Sure, you may tinker around for years with a debt management plan but given that you will have to repay every penny of your unsecured debts, you need to take a long view with a debt management plan. After all you may have to serve a repayment sentence of ten years or more before all your debts are cleared and there is no guarantee that all of your creditors will agree to freeze interest charges or waive penalties. In fact there is no legal obligation on them to do anything of the sort. You are really relying on the kindness of strangers when you are in a debt management plan and even if you successfully complete the plan, your credit file will still remain to be repaired at the end of the term. Of course if your debt levels are low enough, if you have no assets and if you have negligible disposable income you might be eligible for a Debt Relief Order. The Debt Relief Order is sometimes described as the poor man’s bankruptcy since the very low limits restrict entry to this solution: debts less than £15,000, assets less than £300 and monthly disposable income less than £50.
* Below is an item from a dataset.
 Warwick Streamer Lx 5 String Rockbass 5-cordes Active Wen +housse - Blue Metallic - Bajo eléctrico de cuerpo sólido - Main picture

So back to the big two. The IVA allows the debtor to make affordable monthly payments, repaying creditors as much as possible while retaining their home, their car and their employment. It provides relief from debts and it avoids the stigma of bankruptcy, with considerably less publicity. The IVA is binding once 75% of voting creditors approve it, it costs less and yields higher realizations than bankruptcy, leading to higher returns for creditors. While IVAs are highly controlled and regulated they require minimal court involvement and even if the debtor’s circumstances change the IVA can be varied flexibly.
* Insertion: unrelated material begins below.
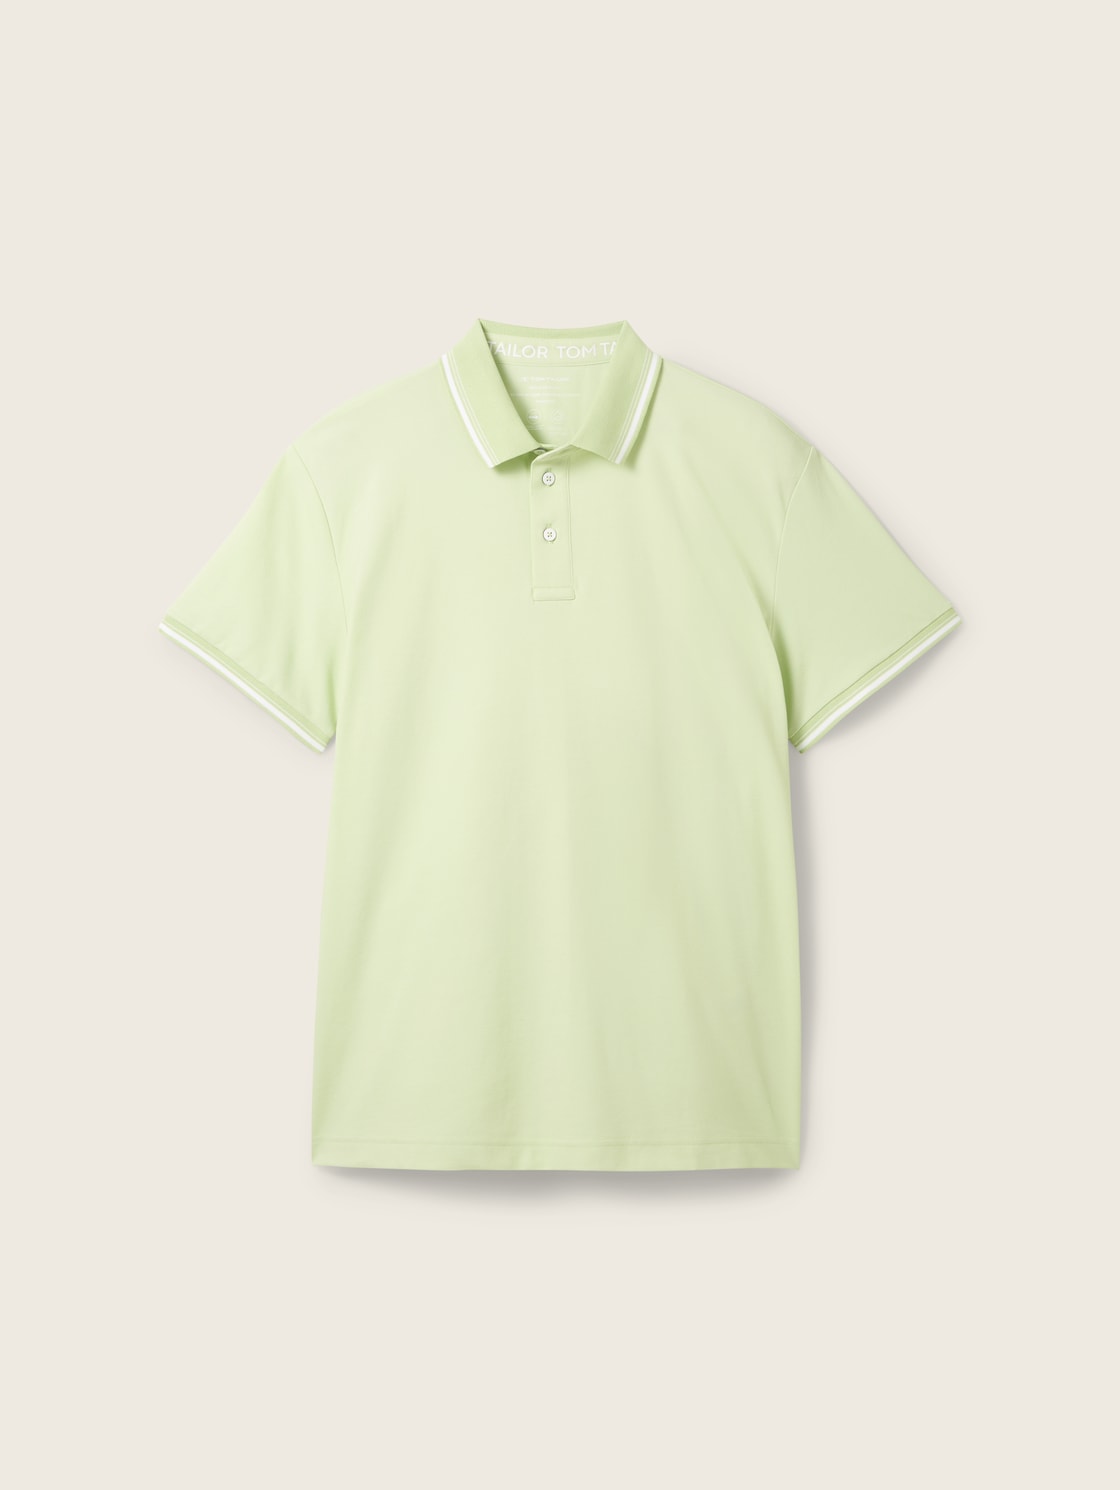 TOM TAILOR Herren COOLMAX® Poloshirt, grün, Uni, Gr. L von Tom Tailor

On approval, creditor contact with the debtor ceases, interest is frozen and penalties are stopped. All debts are written off at the end of the IVA term, usually five years but it can be shorter.
What’s not to like about an IVA? Well, at least 75% of voting creditors must approve the IVA and if not approved, creditors can pursue other legal actions such as petitioning for bankruptcy, seeking court judgments and registering charges on the debtor’s assets. Creditors also have the power to modify the IVA at proposal stage in order to for example increase the debtor’s monthly payments and such a modification may be the catalyst for the failure of the IVA in supervision if the debtor is unable to sustain the increased payments. Payments usually have to be made for five years versus a maximum of three years in bankruptcy. The debtor must stop borrowing except with the express permission of the supervisor and creditors and will suffer from a poor credit rating for at least a year after successful completion of the IVA.
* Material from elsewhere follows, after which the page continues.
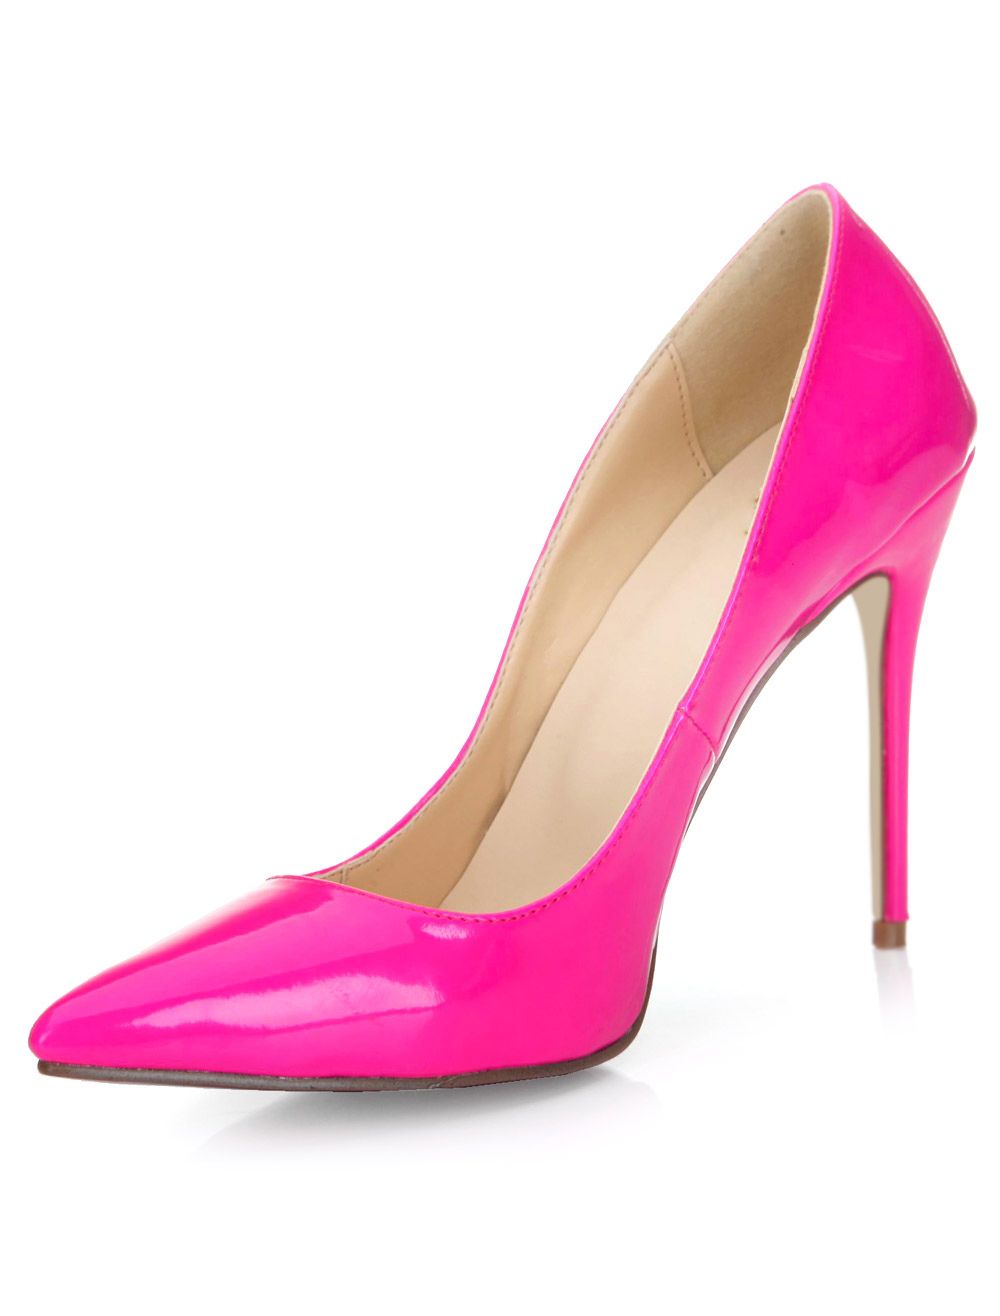 Black High Heels Dress Shoes Pointed Toe Patent Leather Stilettos Pumps #23700468605 | Milanoo

Bankruptcy also has a lot going for it with greatly reduced stress and worry nowadays. The debtor or a creditor can petition at a relatively low cost of about £500 and there are no other legal costs involved. CAB and Court officers can assist in completing relatively simple forms. Most debts do not survive the bankruptcy from which discharge occurs within one year. The debtor’s contributions via Income Payments Orders (IPOs) or Income Payments Agreements (IPAs) are limited to three years and in many cases no IPO or IPA is exacted, while living allowances can be more generous in bankruptcy than in an IVA.
The main downside to bankruptcy is that the debtor loses control of their assets, particularly their share of the family home while the stigma of bankruptcy is still a considerable impediment for most people. The disabilities, obligations and restrictions of bankruptcy, which can last for two to fifteen years, make it difficult and sometimes impossible for the debtor to trade and to obtain or retain employment with many professions and trades imposing sanctions such as expulsion on bankrupt members of their organizations. The bankruptcy trustee has powers to challenge the validity of any prior transactions if they appear to be preferential or at an under-value and the bankrupt debtor has to beware of their potential liability for bankrupt offences. Costs of bankruptcy are higher than those in an IVA, resulting in lower returns to creditors, who in many cases receive nothing. The debtor may not borrow prior to discharge without the express permission of the trustee and will suffer from a poor credit rating even after discharge. The debtor’s name will continue to appear on credit files for six years from the commencement of bankruptcy.